## BRIEF
In the copy of the lines below, leave out pictures and print everything else exactly.

## SOURCE DATA
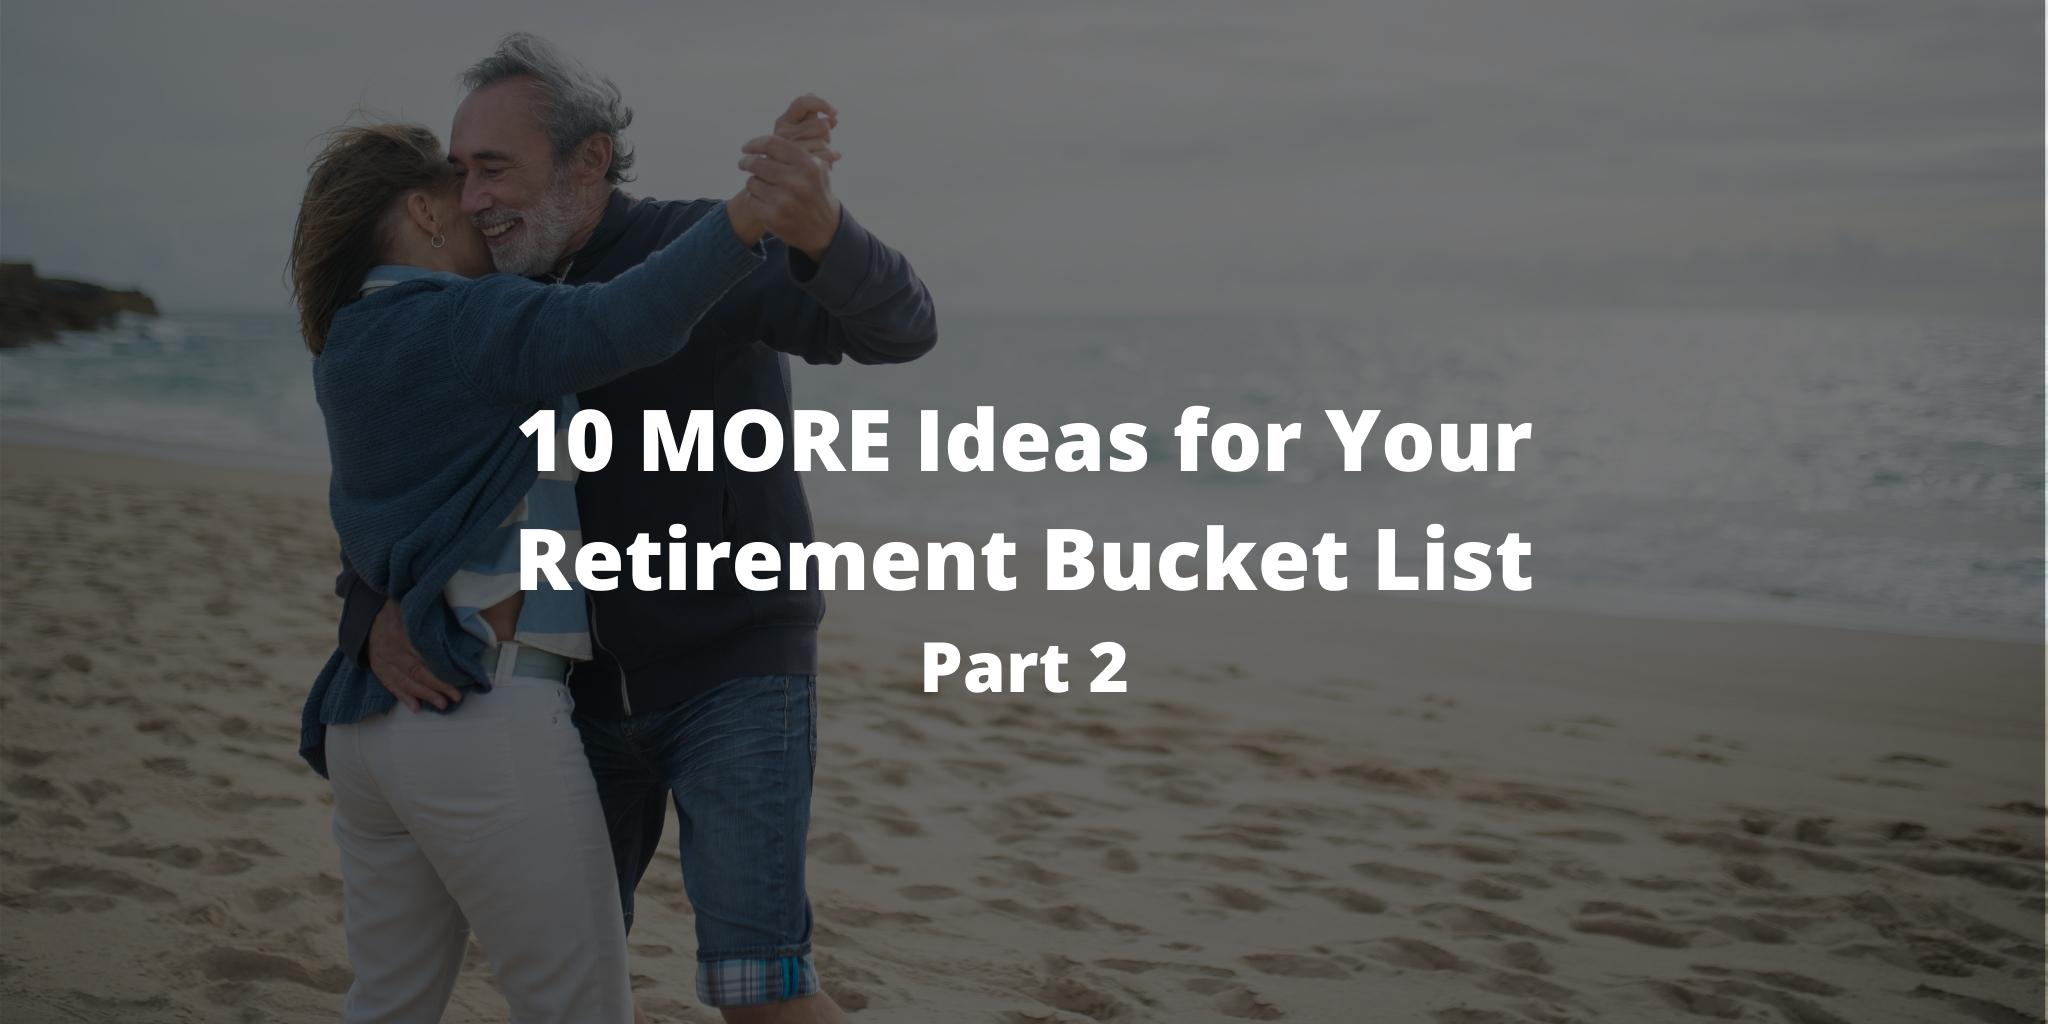 10 MORE Ideas for Your Retirement Bucket List: Part 2
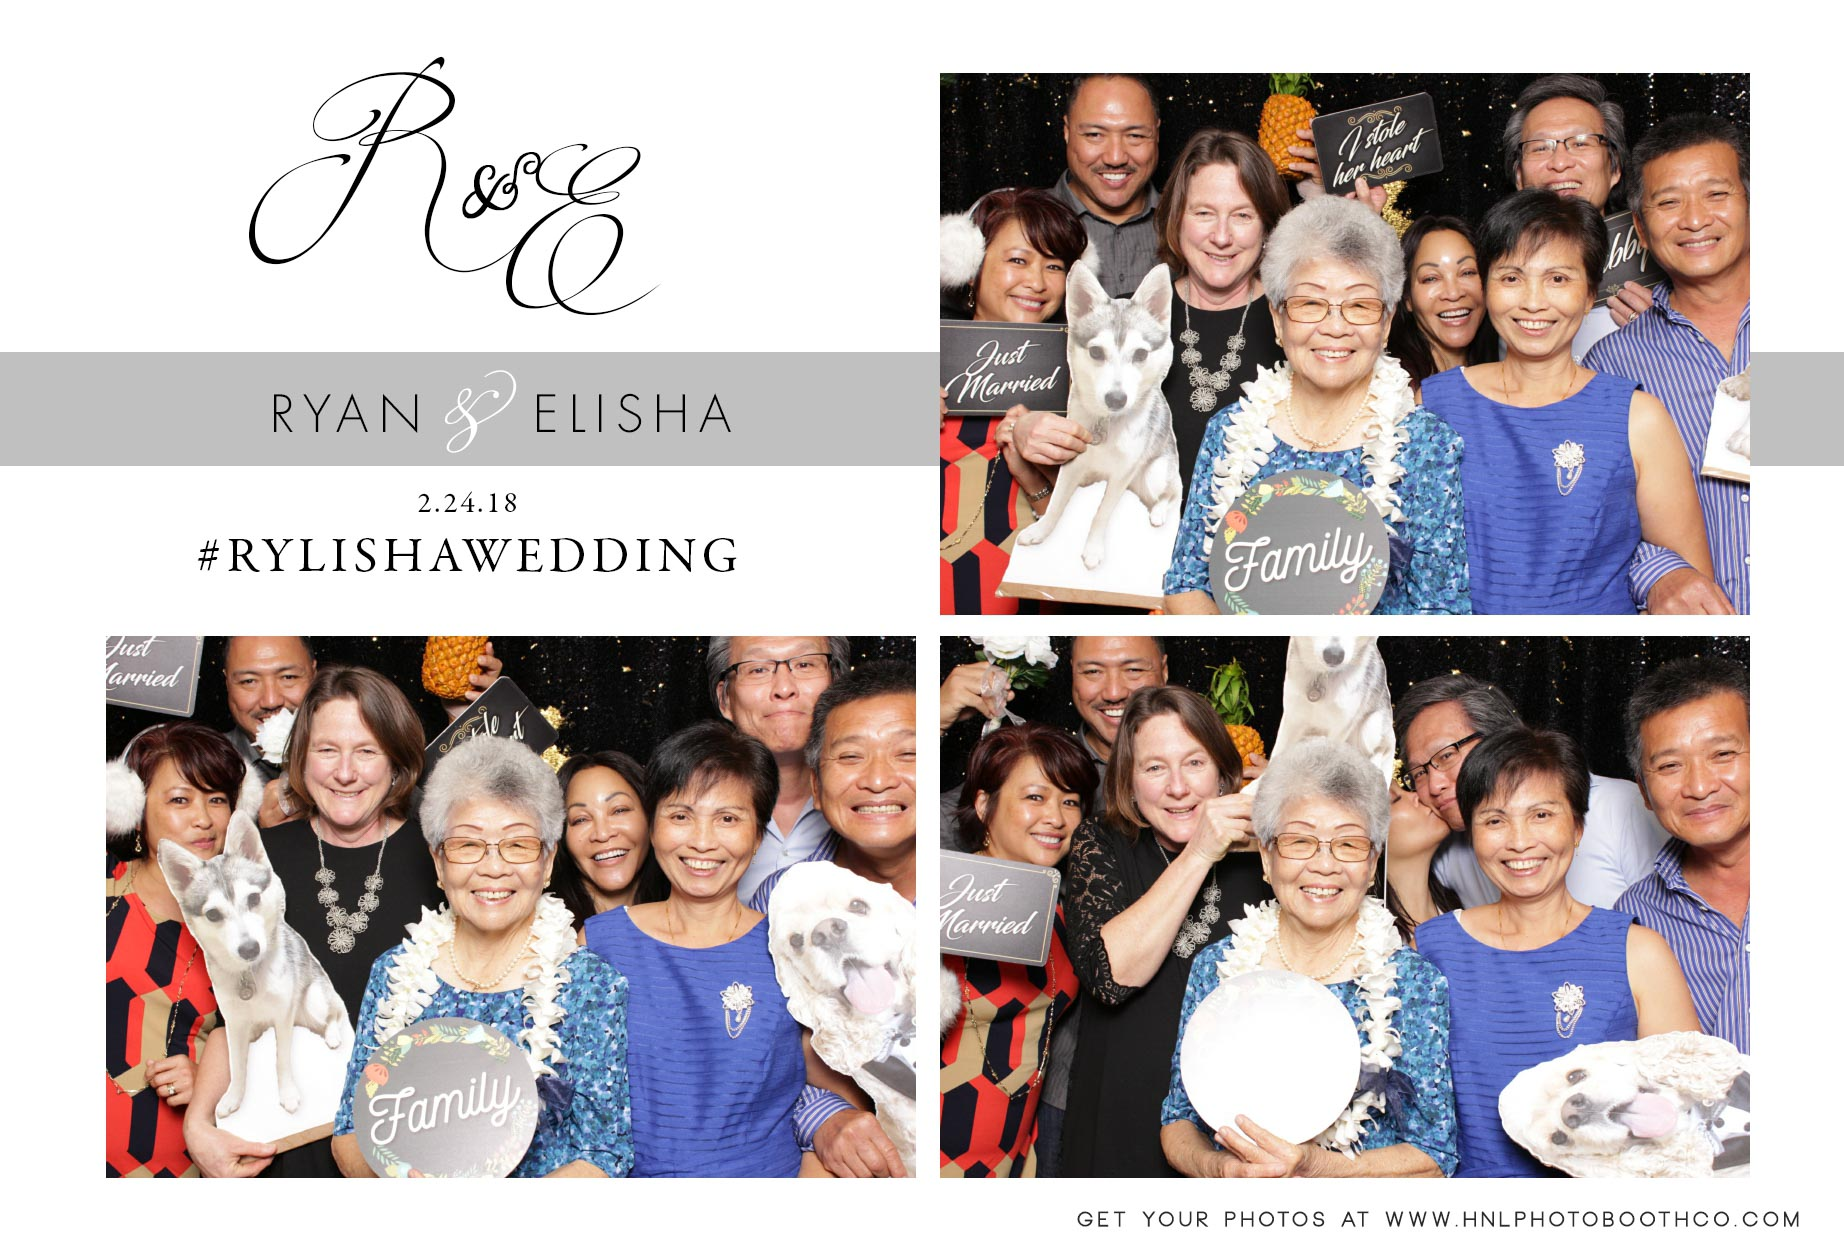 Ryan and Elisha Wedding Hale Koa Hotel Oahu Honolulu Hawaii (17 of 57).jpg
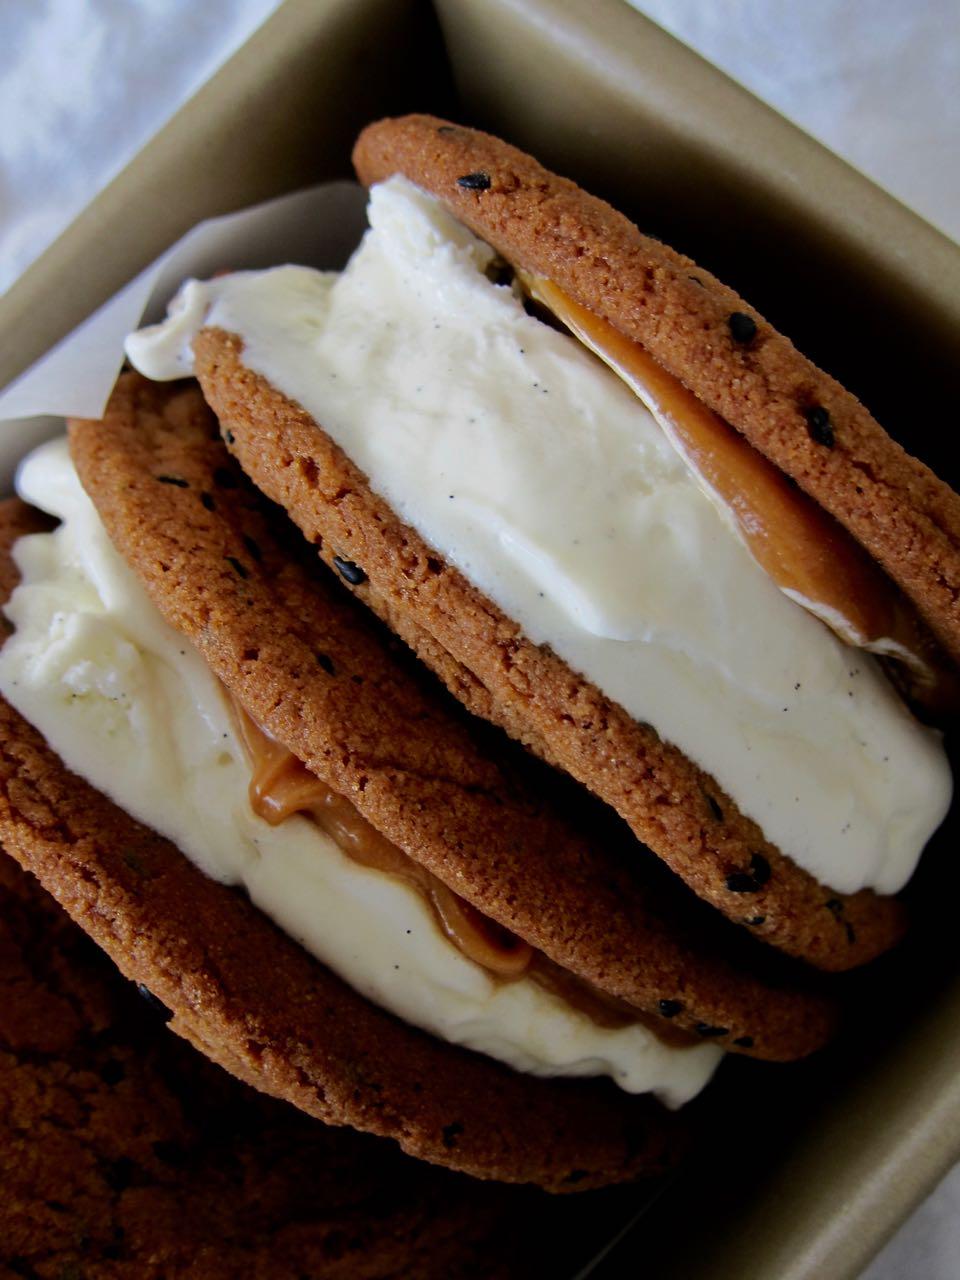 Black Sesame & Vanilla Ice Cream Sandwiches
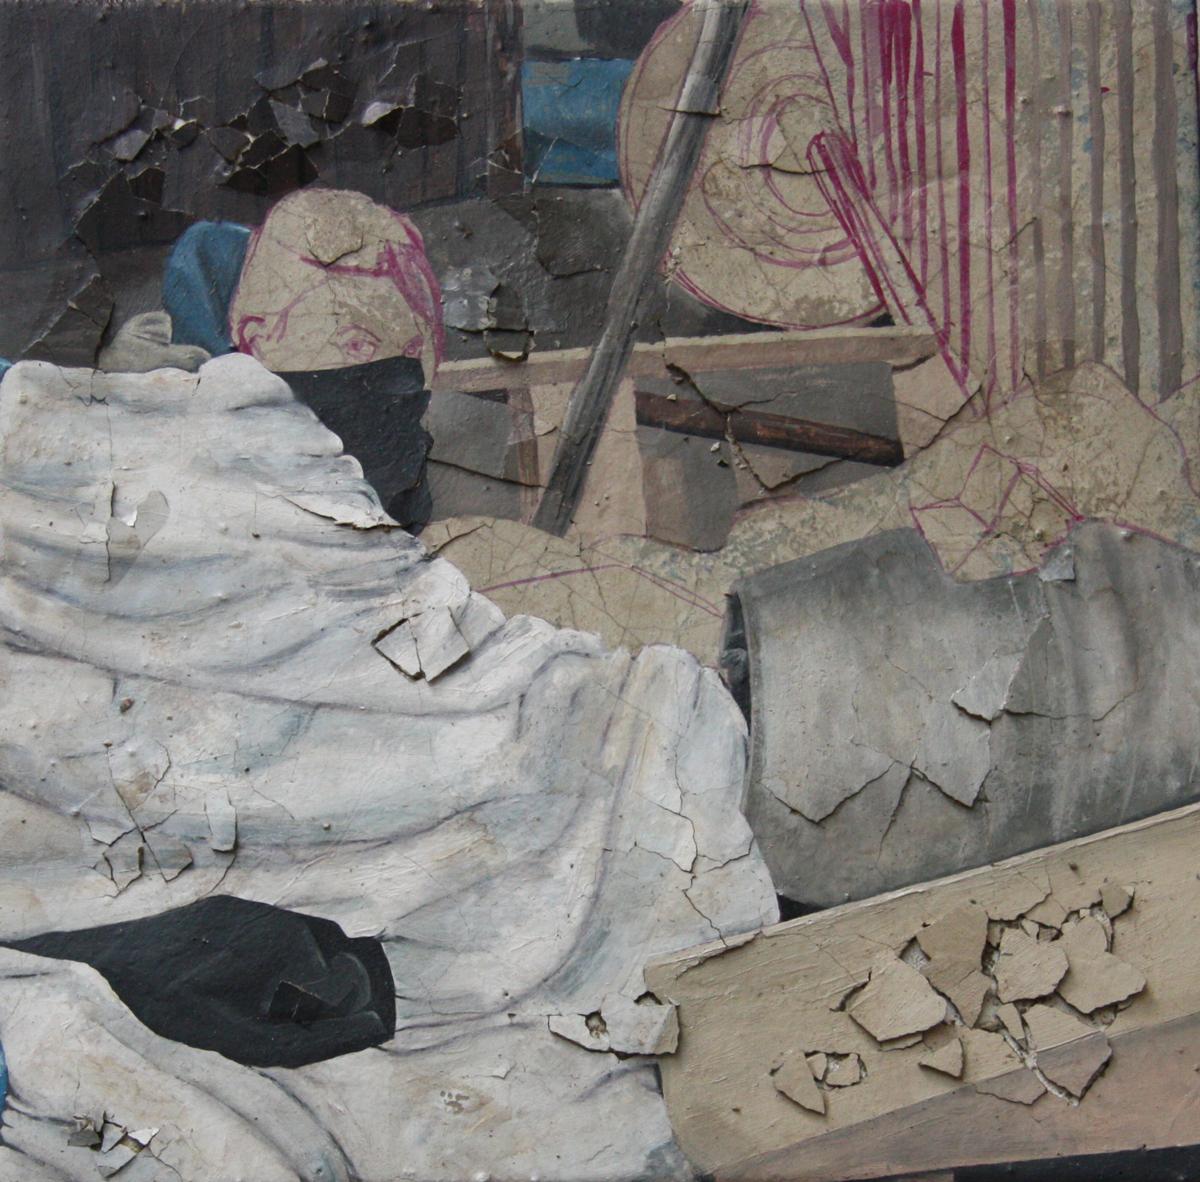 Dana (2011), Fiona Long, oil and concrete on canvas, 50x50cm

## WRITTEN ANSWER
 10 MORE Ideas for Your Retirement Bucket List: Part 2
 Ryan and Elisha Wedding Hale Koa Hotel Oahu Honolulu Hawaii (17 of 57).jpg
 Black Sesame & Vanilla Ice Cream Sandwiches
 Dana (2011), Fiona Long, oil and concrete on canvas, 50x50cm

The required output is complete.